Я обнаружил его в углу комнаты, ухватил как можно крепче, и мы вышли через двор в садик перед домом. Раз-другой мне очень хотелось выпустить его, вернуться назад и сказать папе и маме, что он не хочет со мной идти, но я был уверен, что они все равно притащат его и заставят меня довести его до калитки, выходящей на улицу. Они никогда не просили меня свозить его в центр, это было бы нечестно с их стороны, ведь они прекрасно знают, что единственный раз, когда меня заставили прогуляться с ним по тротуару, произошел этот ужас с котом Альваресов. У меня перед глазами все еще стоит лицо полицейского, разговаривавшего с папой у калитки, и потом папа налил ему два стакана каньи[1], а мама плакала в своей комнате. Было бы нечестно с их стороны просить меня об этом.

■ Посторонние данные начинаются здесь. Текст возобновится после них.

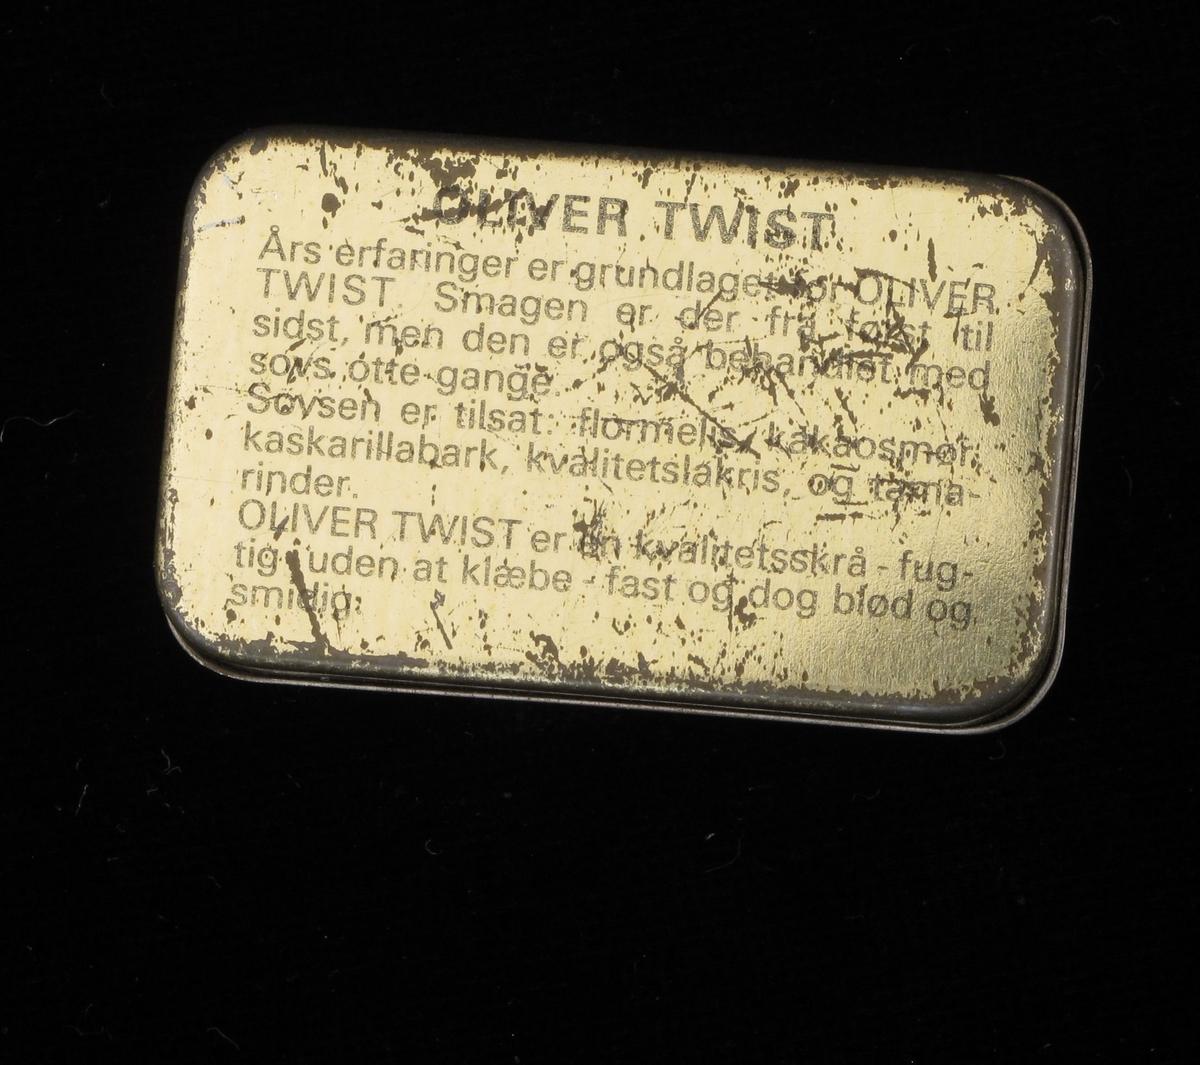 Liten metalleske til skråtobakk. Hvit, med varemerke og tekst på lokket, og tekst under bunnen.

Утром прошел дождь, а тротуары в Буэнос-Айресе становятся все хуже и хуже, почти невозможно ходить, чтобы не попасть в лужу. Я очень старался выбирать самые сухие места и не мочить новые туфли, но сразу же увидел, что ему нравилось лезть в воду, мне приходилось дергать его изо всех сил, чтобы заставить идти рядом. Несмотря на это, он умудрился найти место, где одна плита опустилась чуть ниже других, и не успел я опомниться, как он был уже мокрый насквозь и весь облепленный сухими листьями. Мне пришлось остановиться, почистить его, и все время я чувствовал, как соседи смотрят на нас из своих садов, они ничего не говорили, но смотрели. Не хочу врать, в сущности мне не так уж важно, что на нас смотрят (смотрят на него и на меня, гуляющего с ним), но хуже всего было стоять вот так, с этим платком в руках, становившимся все мокрее и грязнее, в темных пятнах и частичках сухих листьев, и в то же время удерживать его, чтобы он опять не сунулся в лужу. Кроме того, я привык ходить по улицам, держа руки в карманах штанов, и при этом насвистывать или жевать жвачку, или читать комиксы на ходу, угадывая краем глаза плиты тротуаров, которые прекрасно изучил на всем пути от дома до остановки трамвая, так что я знаю, когда прохожу мимо дома Титы или когда подхожу к углу улицы Карабобо. И теперь я не мог делать ничего этого, к тому же от платка постепенно промокала подкладка кармана, я чувствовал, как влага холодит ногу, просто поверить нельзя, что может быть столько невезенья сразу.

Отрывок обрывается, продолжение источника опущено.